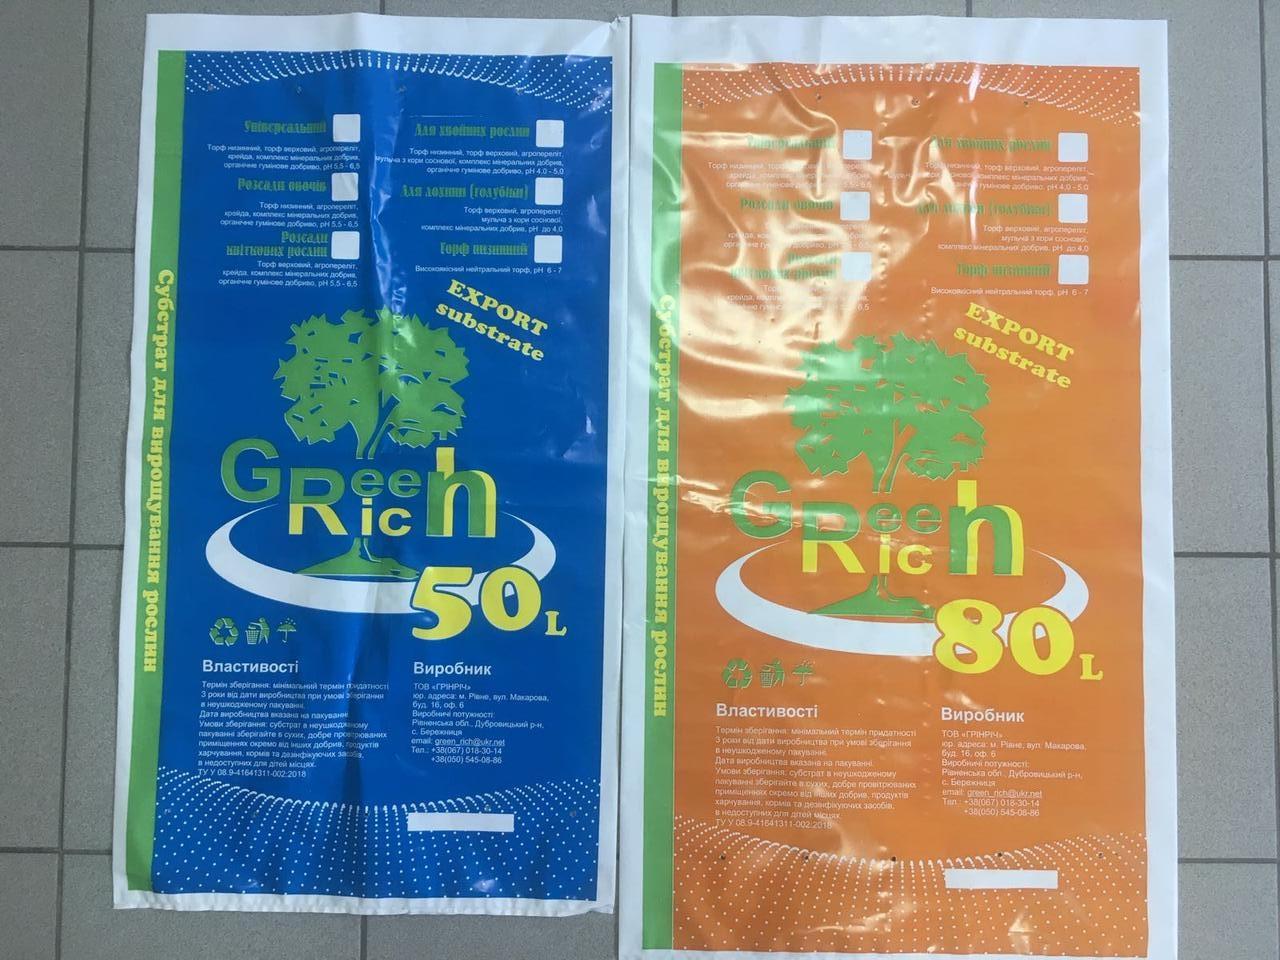 "Субстрат для розсади овочів ""Грінріч"" 50л"
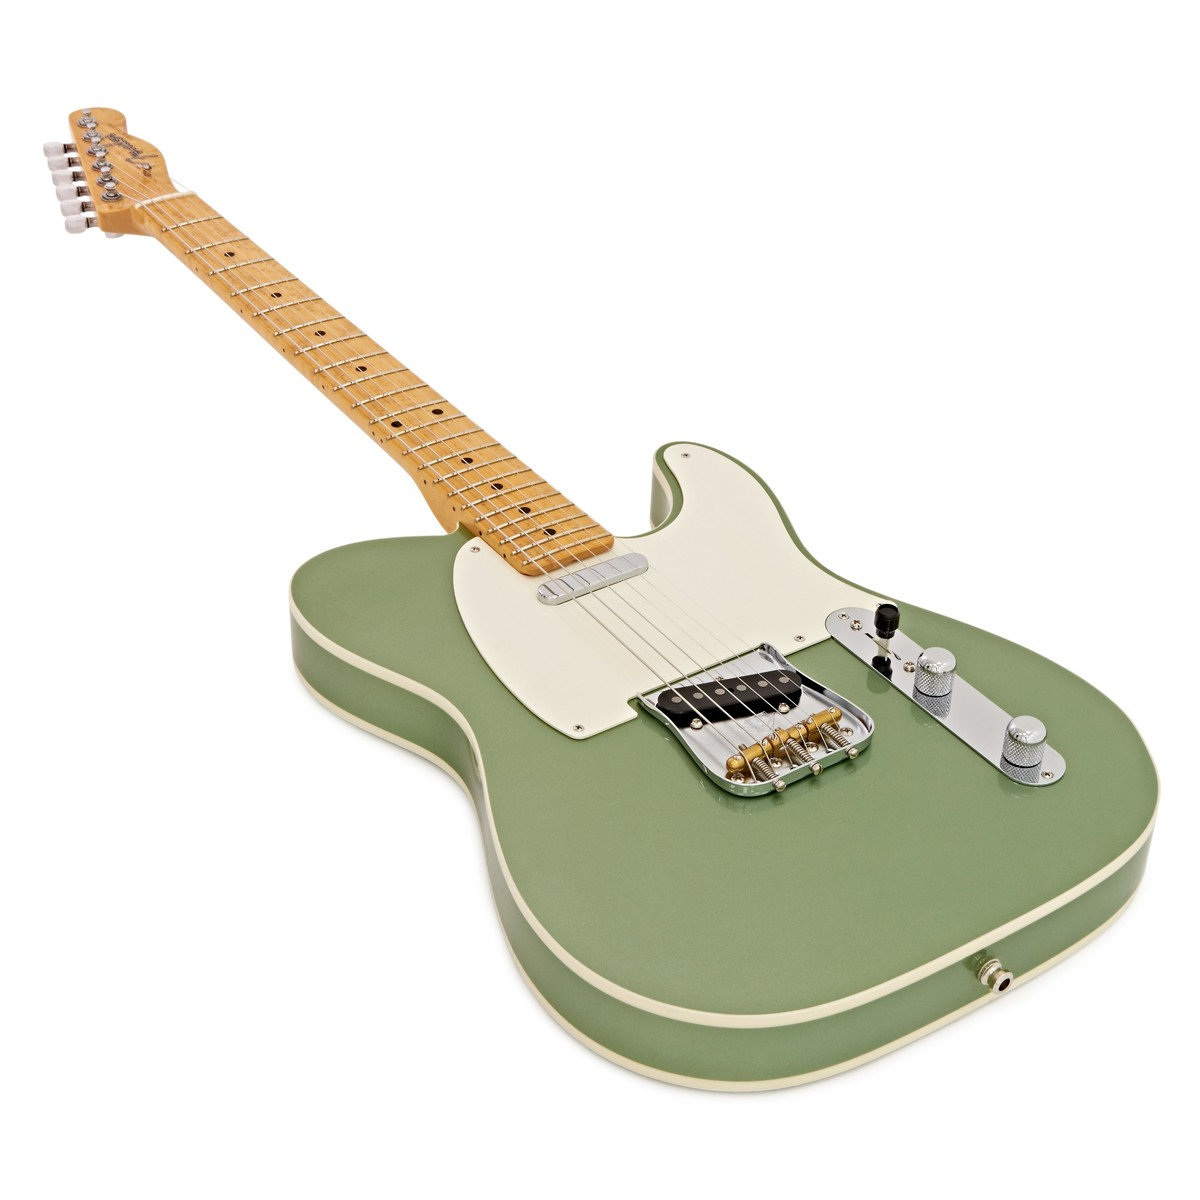 fender custom shop american custom telecaster green metallic cz529013 at. Black Bedroom Furniture Sets. Home Design Ideas
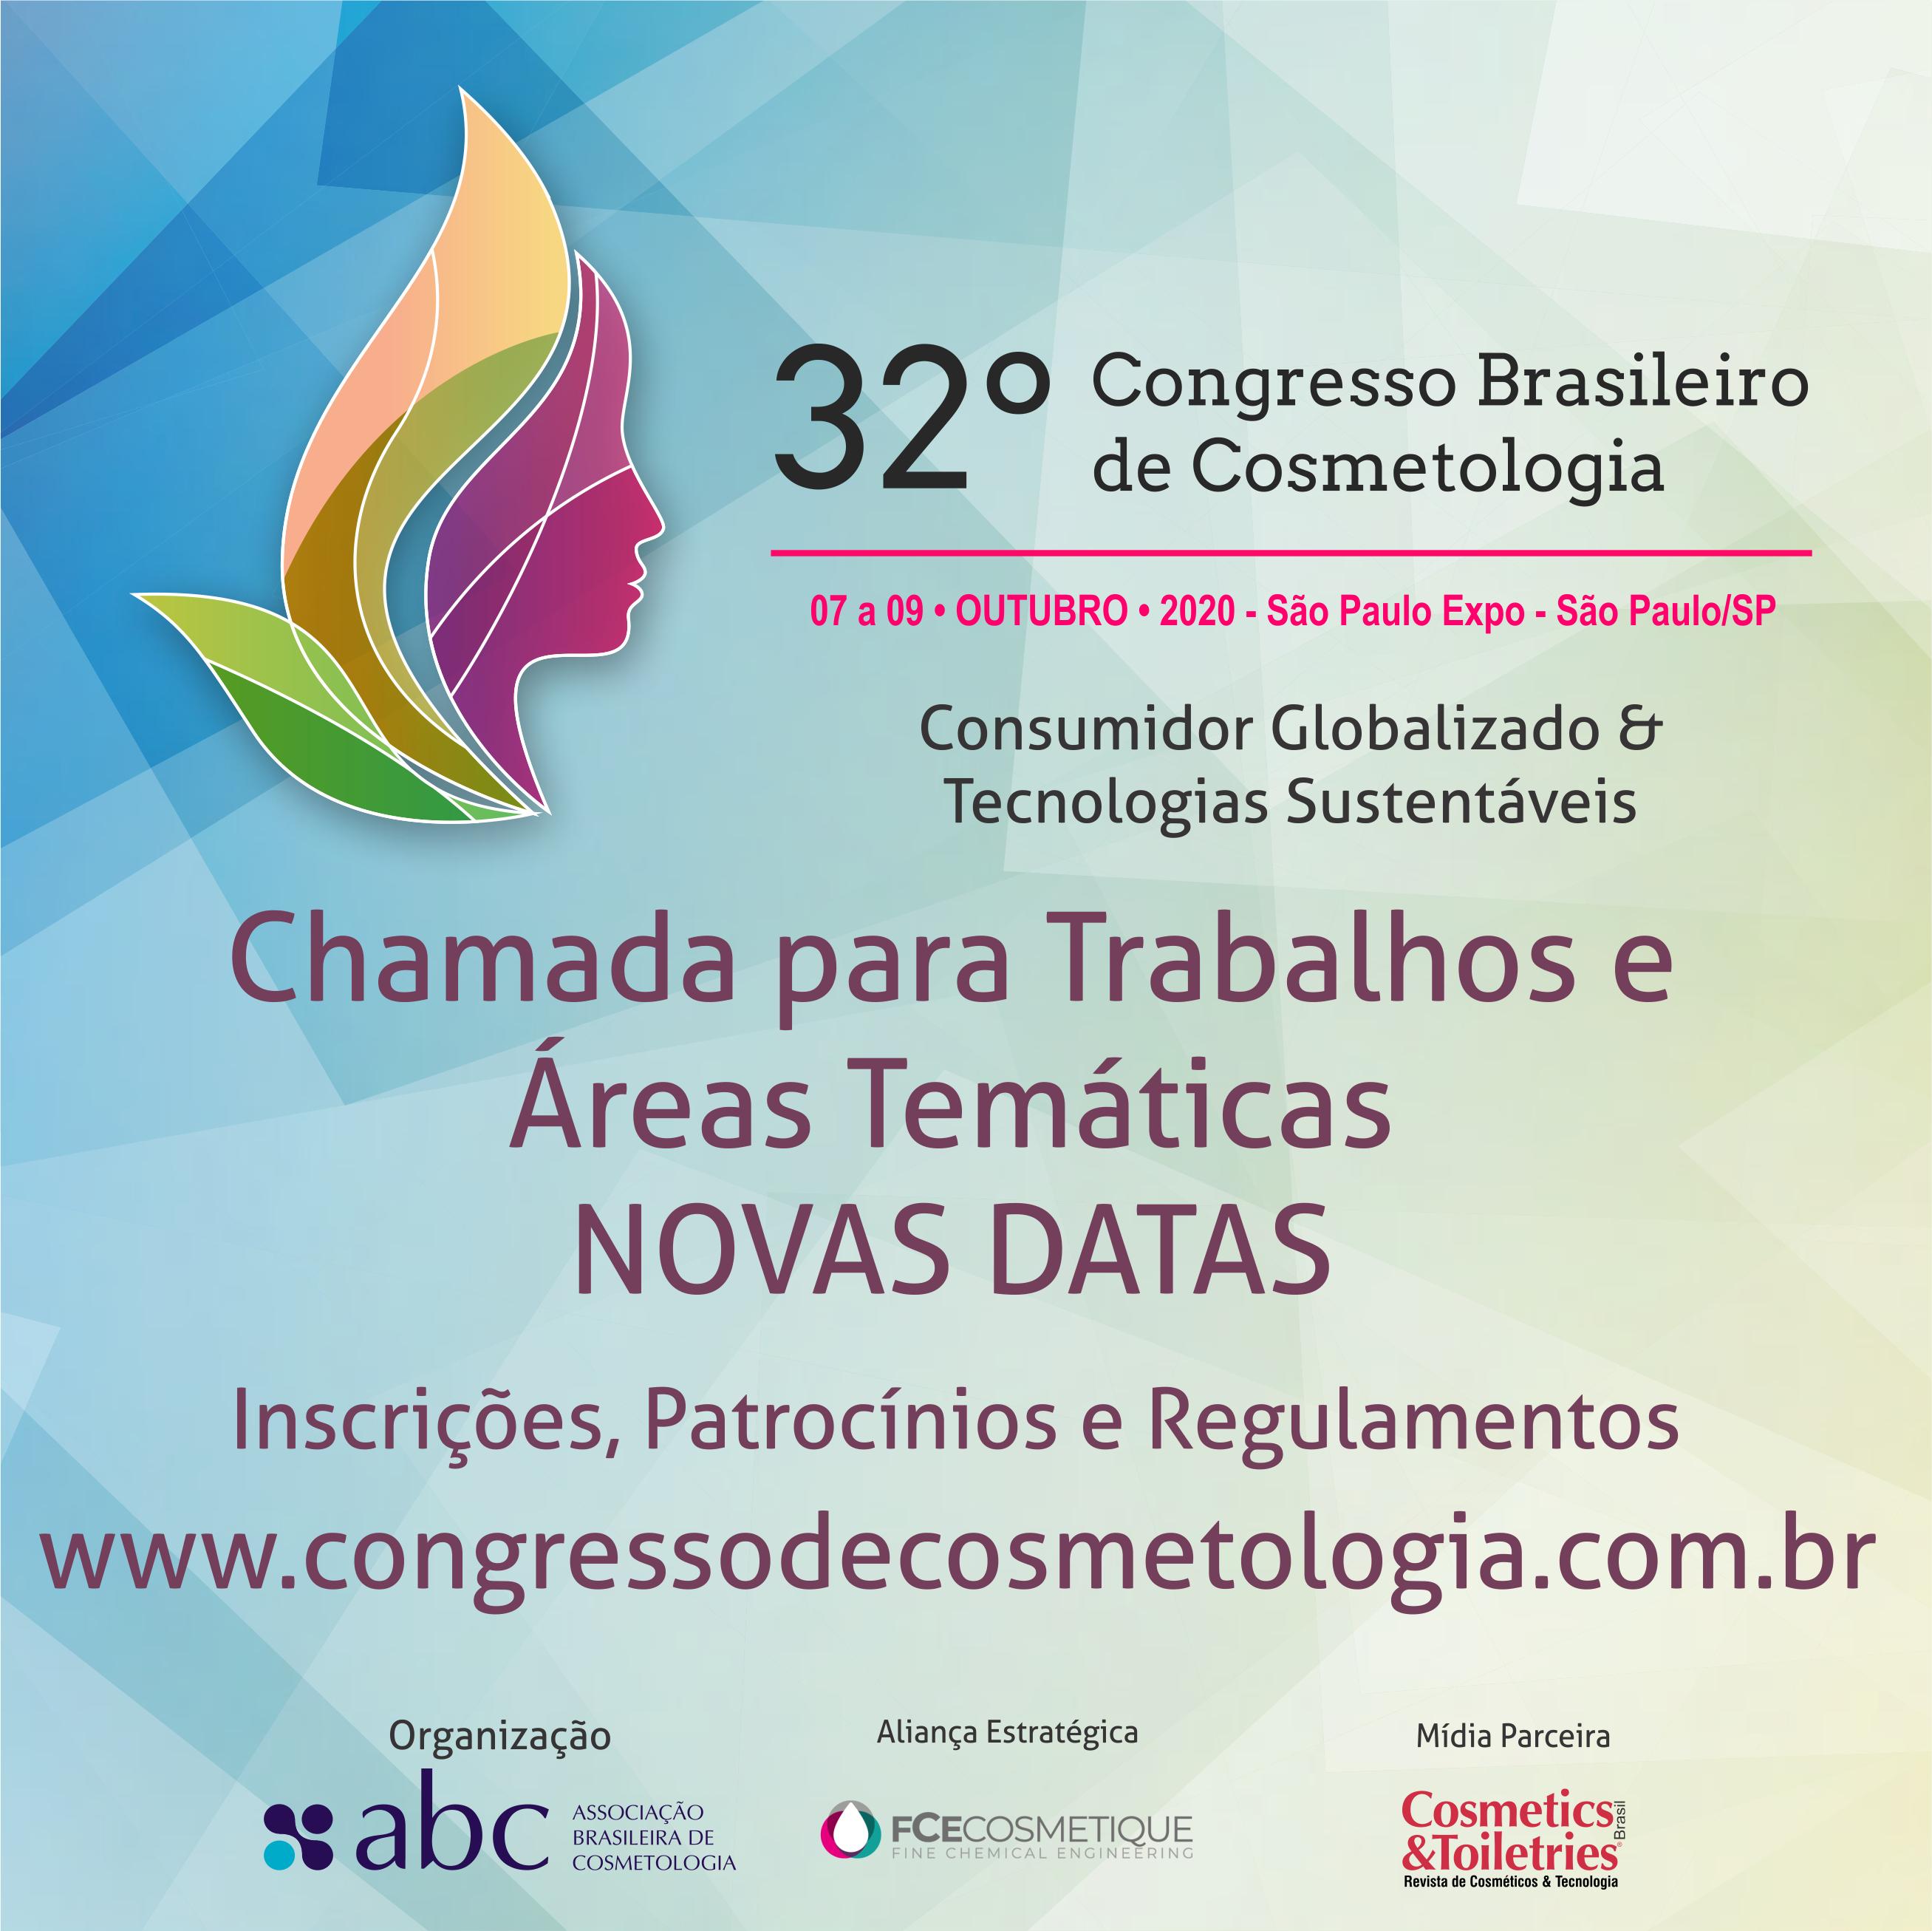 https://www.cosmetologiabrasil.com/congresso2020

## Brief
Omitting the images, copy the listing exactly.

## Reply to the exercise
 "Субстрат для розсади овочів ""Грінріч"" 50л"
 fender custom shop american custom telecaster green metallic cz529013 at. Black Bedroom Furniture Sets. Home Design Ideas
 https://www.cosmetologiabrasil.com/congresso2020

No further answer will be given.